Cooper Energy Limited (ASX: COE) is an exploration and production company which generates revenue from gas supply to south-east Australia and low-cost Cooper Basin oil production. The company is an emerging player in the south-east Australian energy sector holding a portfolio of gas supply contracts and one of the most extensive portfolios of gas-focused acreage and assets, including well located reserves and resources in the Otway and Gippsland basins. These include the Sole gas field in the Gippsland Basin which recently became the first new offshore gas development in south-east Australia to commence production in several years, the Casino Henry operations in the offshore Otway Basin and undeveloped resources such as Manta and Annie.

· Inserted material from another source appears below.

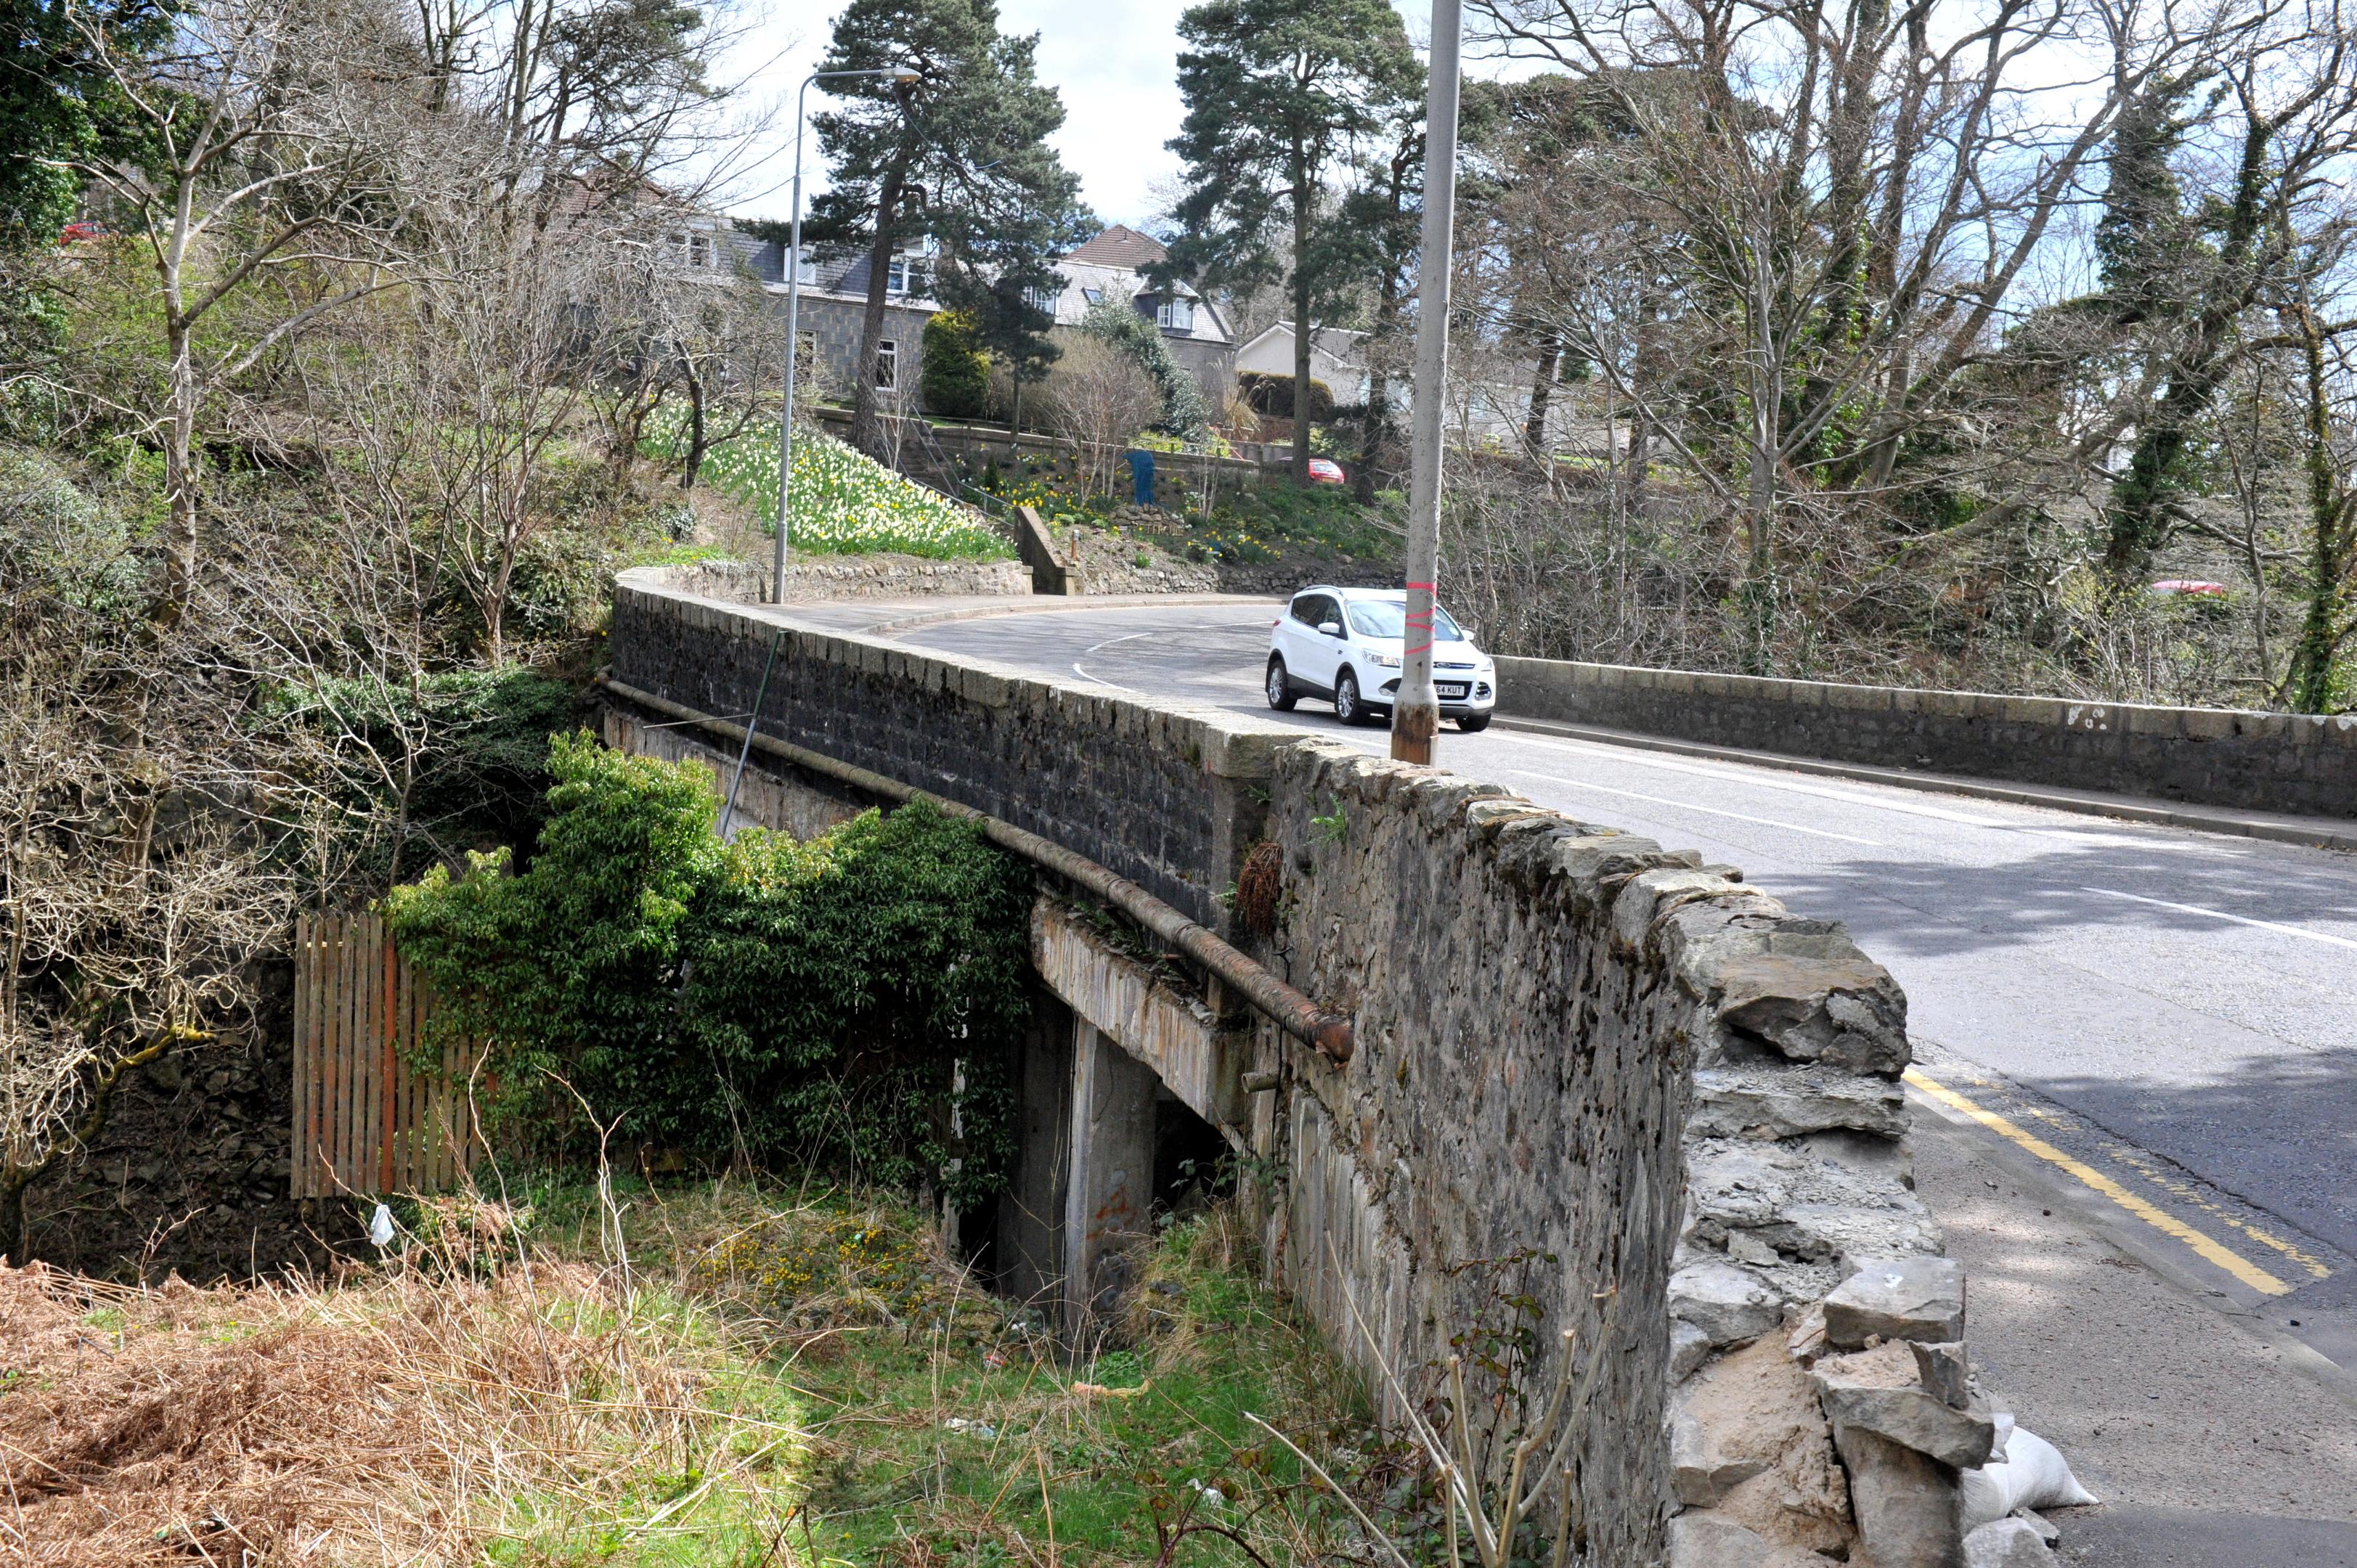 The Rob Roy Bridge at Peterculter is in need of repair.

Disclaimer : This announcement may contain forward looking statements that are subject to risk factors related to oil, gas and associated businesses. The expectations reflected in these statements are believed to be reasonable. However, they may be affected by a variety of variables and changes in underlying assumptions which could cause actual results or trends to diverge materially, including in respect of: price fluctuations and currency fluctuations, drilling and production results, actual demand, reserve estimates, loss of market, competition in the industry, risks (environmental, physical, political etc.), developments (regulatory and fiscal etc.), economic and financial market conditions in Australia and elsewhere, changes in project timings, approvals and cost estimates.

3 Capital expenditure guidance excludes abandonment costs and expenditure for OGPP reconfiguration and commissioning works; includes corporate expenditure on IT hardware and systems upgrades.